A few years ago, there was a big looting investigation just across the border in Oregon’s Klamath County.

“I called two Oregon state police officers who have worked on looting cases,” says Sullivan. “They said, ‘Oh yeah, that looks like looters.’ ” Sullivan said the officers told him that looters often work at night and remove the dirt from the dig site for processing, which is what the diggers did on Mount Shasta.

But the Forest Service disagrees with Sullivan’s sources. They said there aren’t many Native American artifacts on the mountain because it’s a sacred site, so tools and ceremonial items would have been packed out.

The Forest Service has its own theory about what the diggers were looking for.

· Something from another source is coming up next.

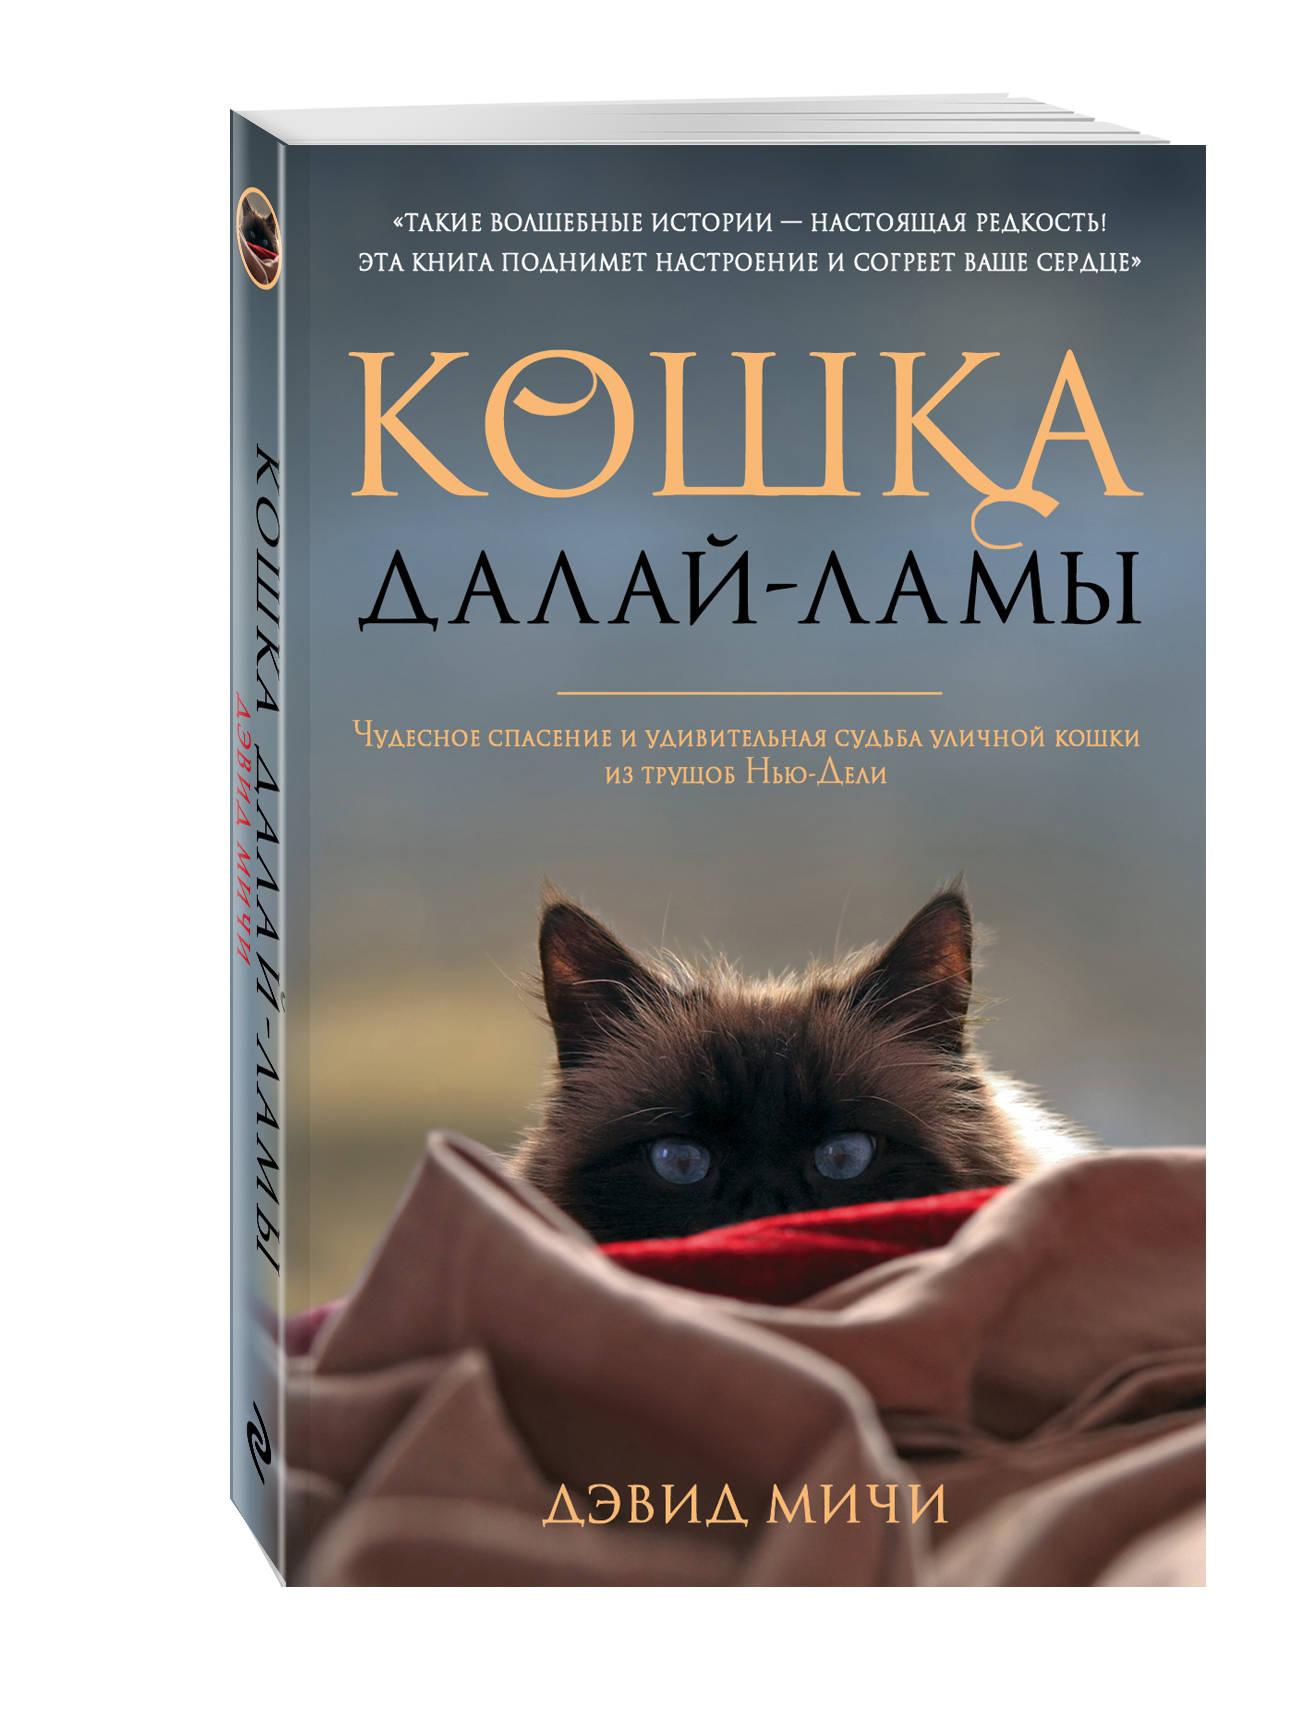 Мичи Д. Кошка Далай-Ламы. Чудесное спасение и удивительная судьба уличной кошки из трущоб Нью-Дели (покет) etude mici

Does it Just Come Down to Gold?

“Somebody was doing some mining,” says Carolyn Napper, the district ranger for the Shasta McCloud management unit of the Shasta-Trinity National Forest. She says the diggers were looking for gold, and that someone was eventually prosecuted for digging the hole.

A sign advertises gold panning in Yreka, a city north of Mount Shasta. The Forest Service says that the diggers were looking for gold on the mountain, even though the volcanic geology of the area makes it unlikely that they found any. (Cat Schuknecht/KQED)

It wouldn’t be totally unprecedented; there is a history of Gold Rush-era mining in the area. But Napper says it isn’t likely that there’s any gold where the hole was, due to the volcanic geology of that part of the mountain.

“It's somewhat far-fetched that it would be a mining claim in this area, but probably stranger things have happened,” says Napper. “It's the beauty of Mount Shasta.”

No matter what the diggers were looking for — an underground world, Native American artifacts, or gold — Sullivan isn’t ready to let go of the mystery.

“There [are] always going to be questions — are any of these people telling the truth?” says Sullivan, who sees the hole as a kind of Rorschach test for people in Mount Shasta.

“It's a perfect blank slate for people to project,” he says. “Every conceivable thing that a person would look for is at the bottom of that hole, to somebody.”

Sullivan is still working on his documentary film about the hole, but he likes the idea of it ending mysteriously.

“I don't know if any one answer could live up to the whole mystery of it,” says Sullivan. “Answers are disappointing, aren't they?”